== PROBLEM STATEMENT ==
Please keep to the lines below from the one with "Weinig Malinezen voelden" through the one with "Panneau d'entrée de", and restate them word for word, ends included.

** MATERIAL SUPPLIED follows **

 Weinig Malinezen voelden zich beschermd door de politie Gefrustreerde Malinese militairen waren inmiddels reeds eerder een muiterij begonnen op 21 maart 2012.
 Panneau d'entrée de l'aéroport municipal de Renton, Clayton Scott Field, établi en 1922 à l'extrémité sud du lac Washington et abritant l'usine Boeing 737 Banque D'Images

** End of MATERIAL SUPPLIED **
** MATERIAL SUPPLIED follows **

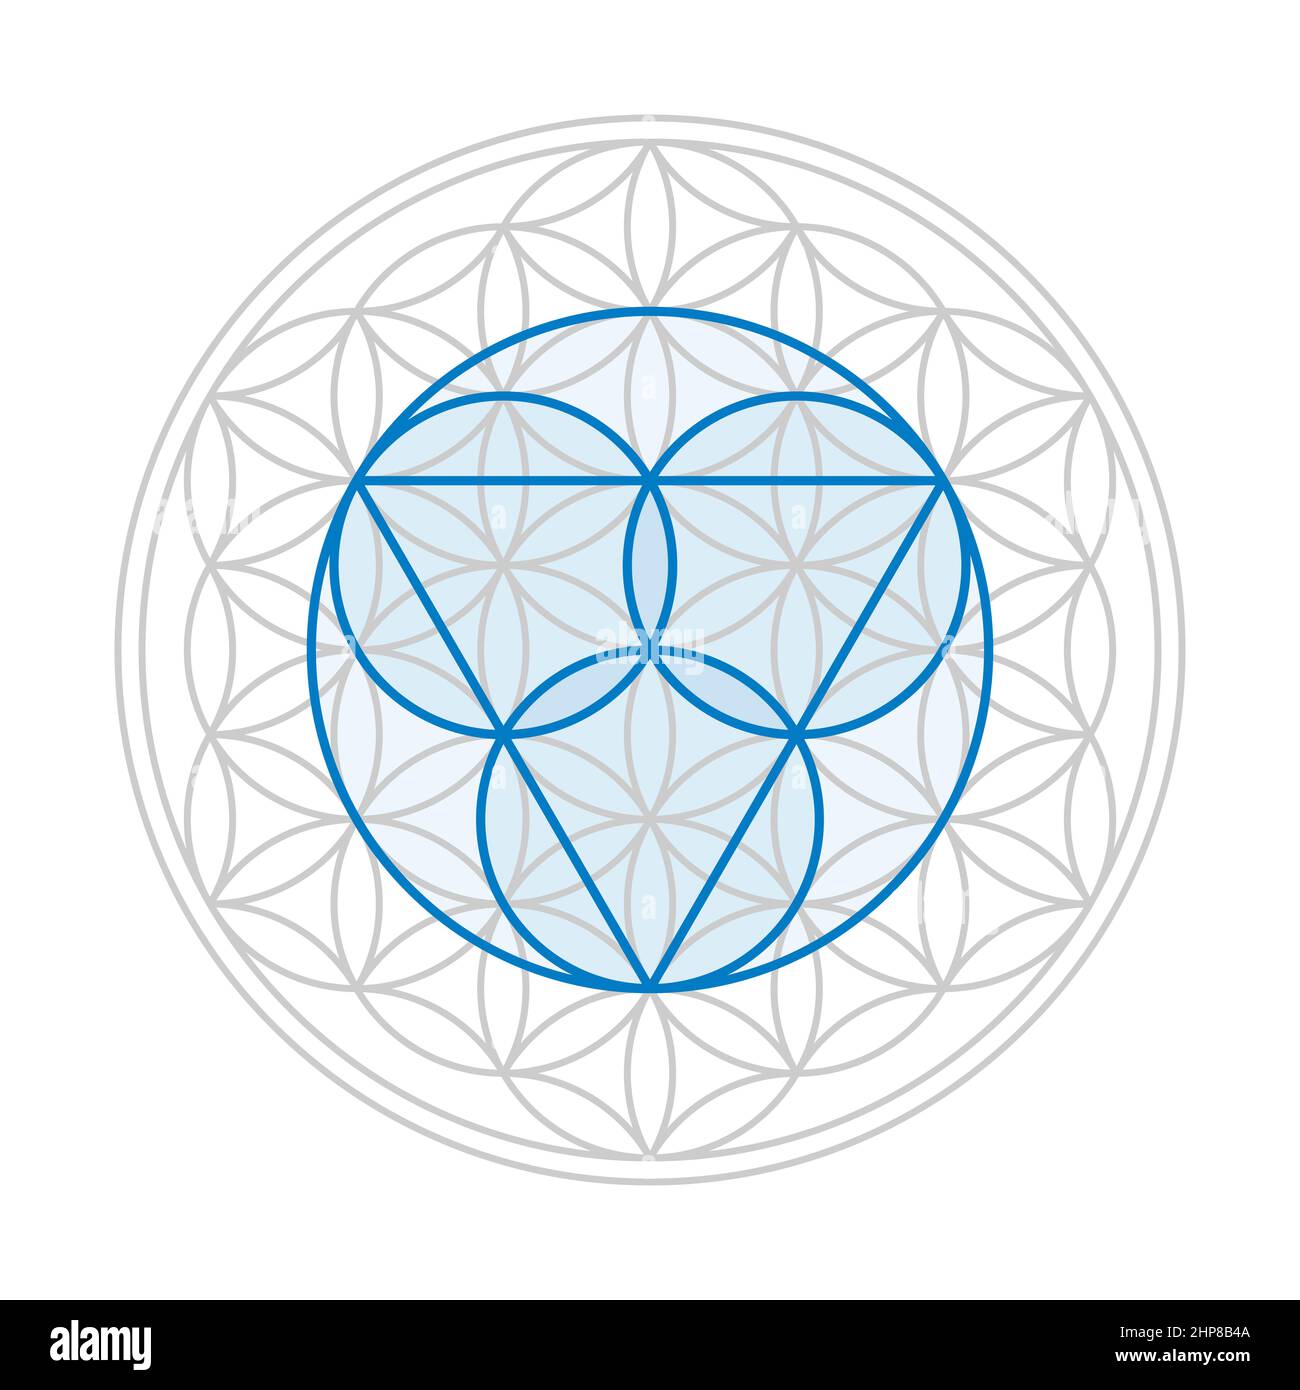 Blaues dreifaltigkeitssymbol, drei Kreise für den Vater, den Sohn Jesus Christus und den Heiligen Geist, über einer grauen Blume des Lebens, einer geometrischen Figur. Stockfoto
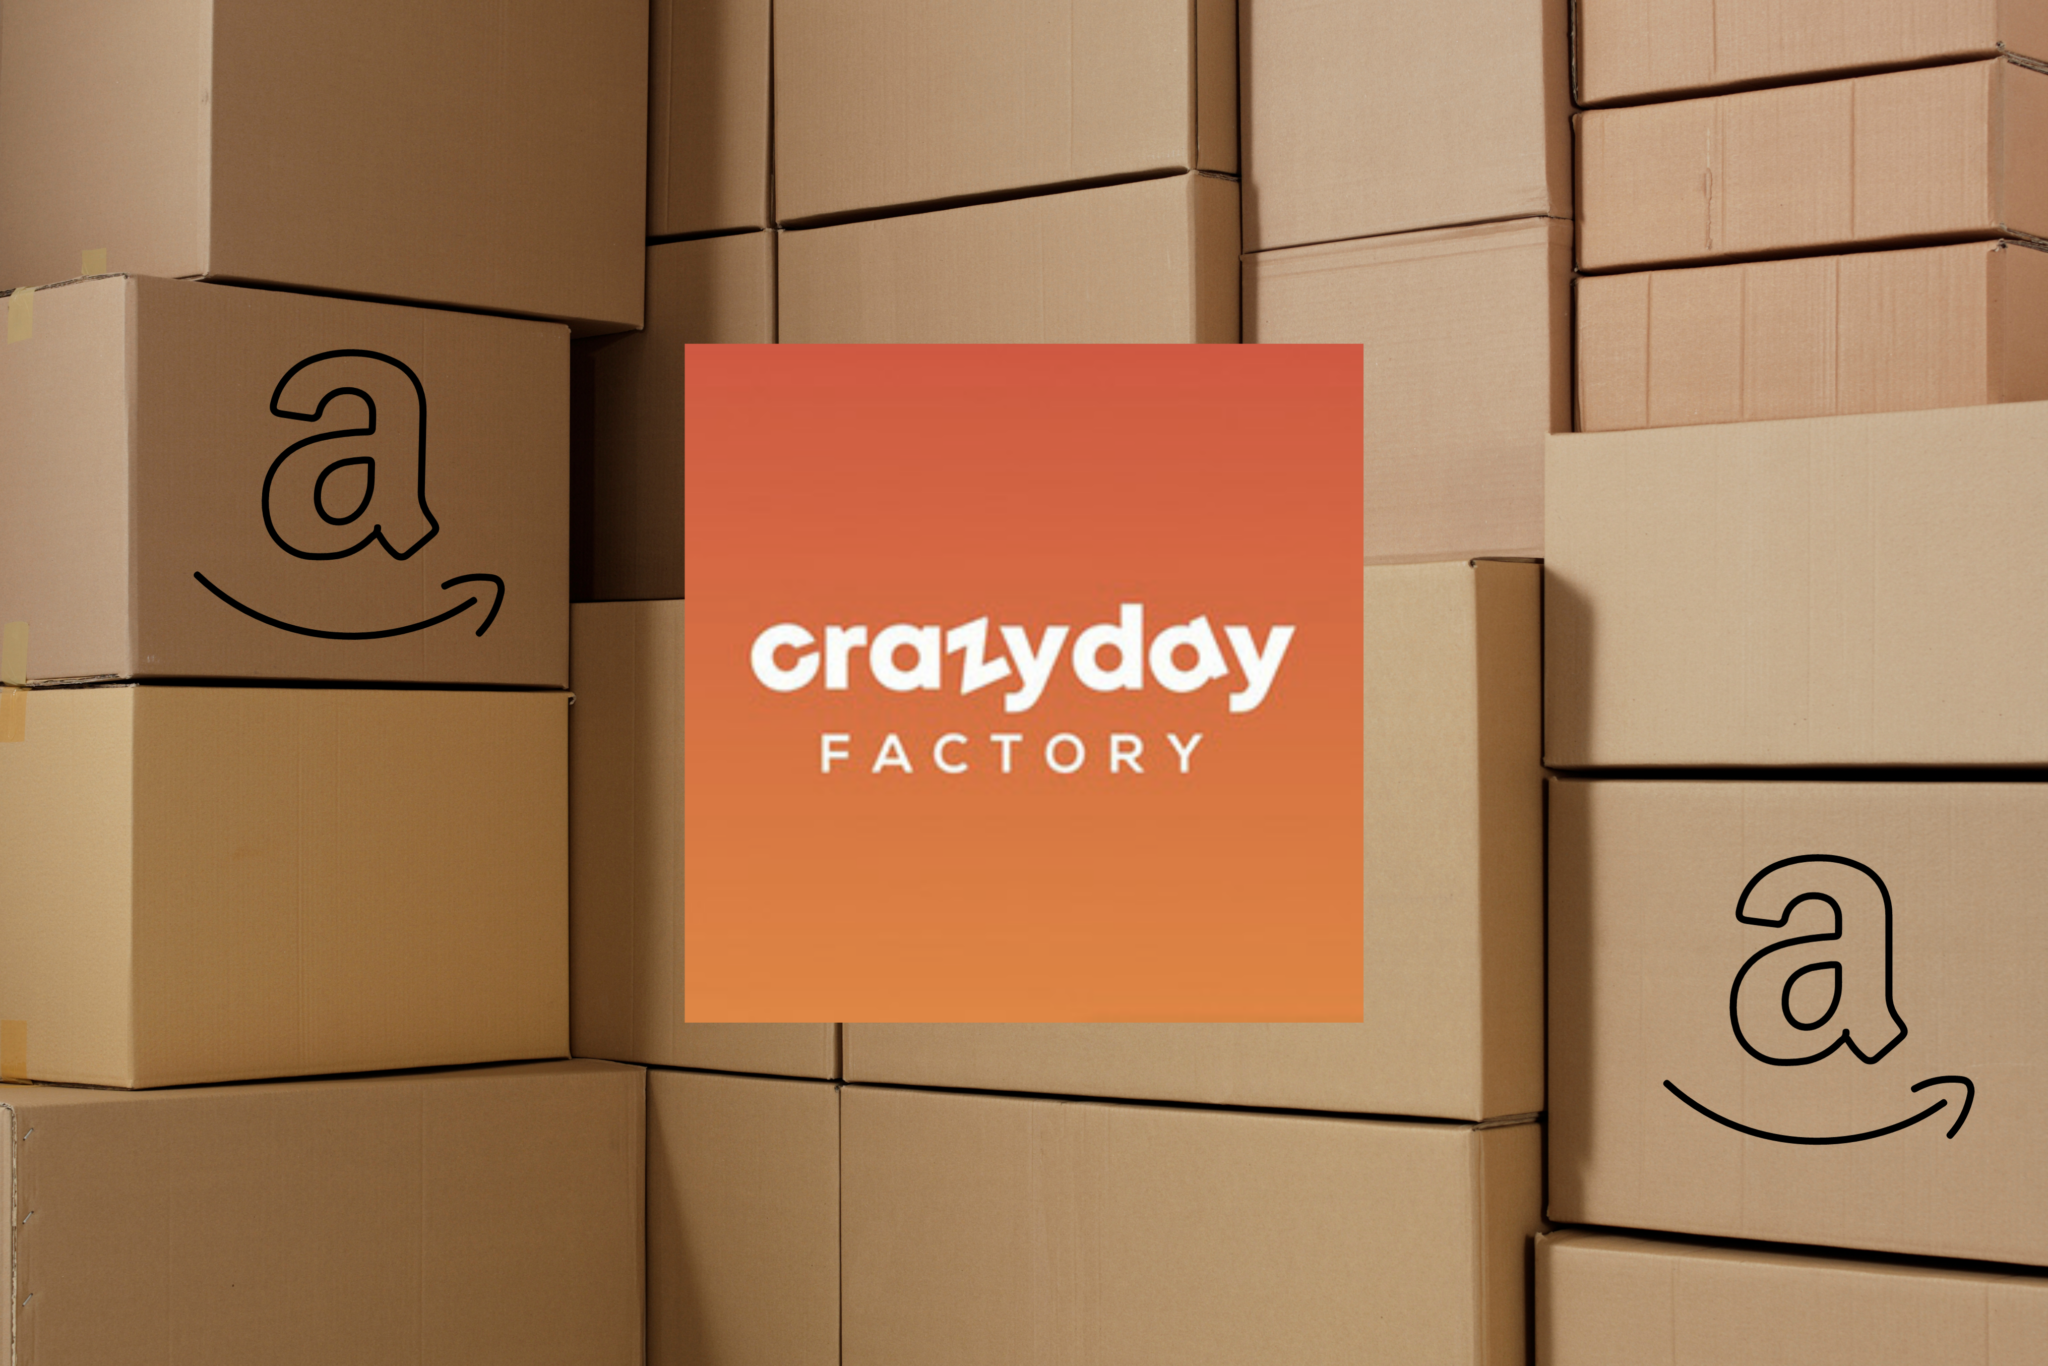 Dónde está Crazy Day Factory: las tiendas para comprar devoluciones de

** End of MATERIAL SUPPLIED **
** MATERIAL SUPPLIED follows **

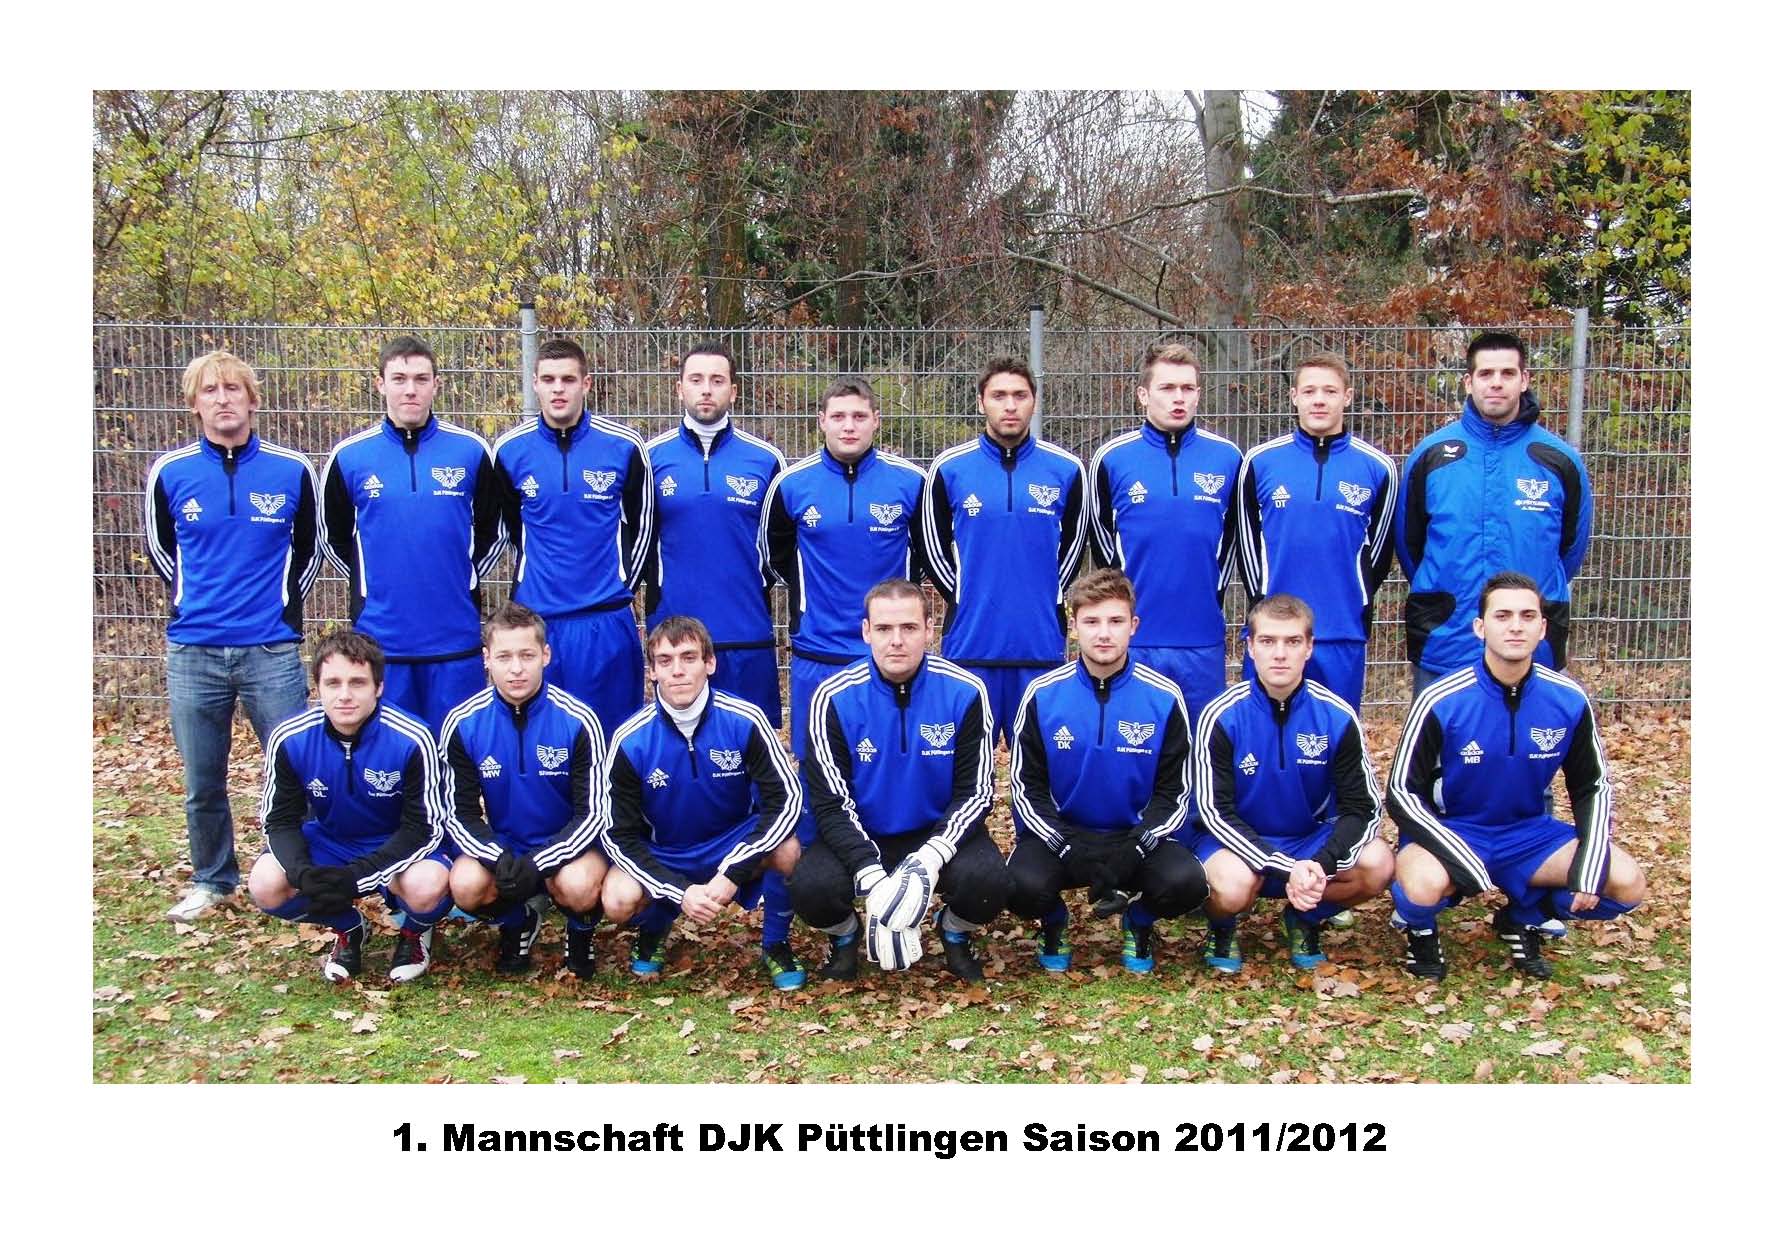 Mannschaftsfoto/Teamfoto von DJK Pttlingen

** End of MATERIAL SUPPLIED **

== RESPONSE BELOW ==
 Weinig Malinezen voelden zich beschermd door de politie Gefrustreerde Malinese militairen waren inmiddels reeds eerder een muiterij begonnen op 21 maart 2012.
 Panneau d'entrée de l'aéroport municipal de Renton, Clayton Scott Field, établi en 1922 à l'extrémité sud du lac Washington et abritant l'usine Boeing 737 Banque D'Images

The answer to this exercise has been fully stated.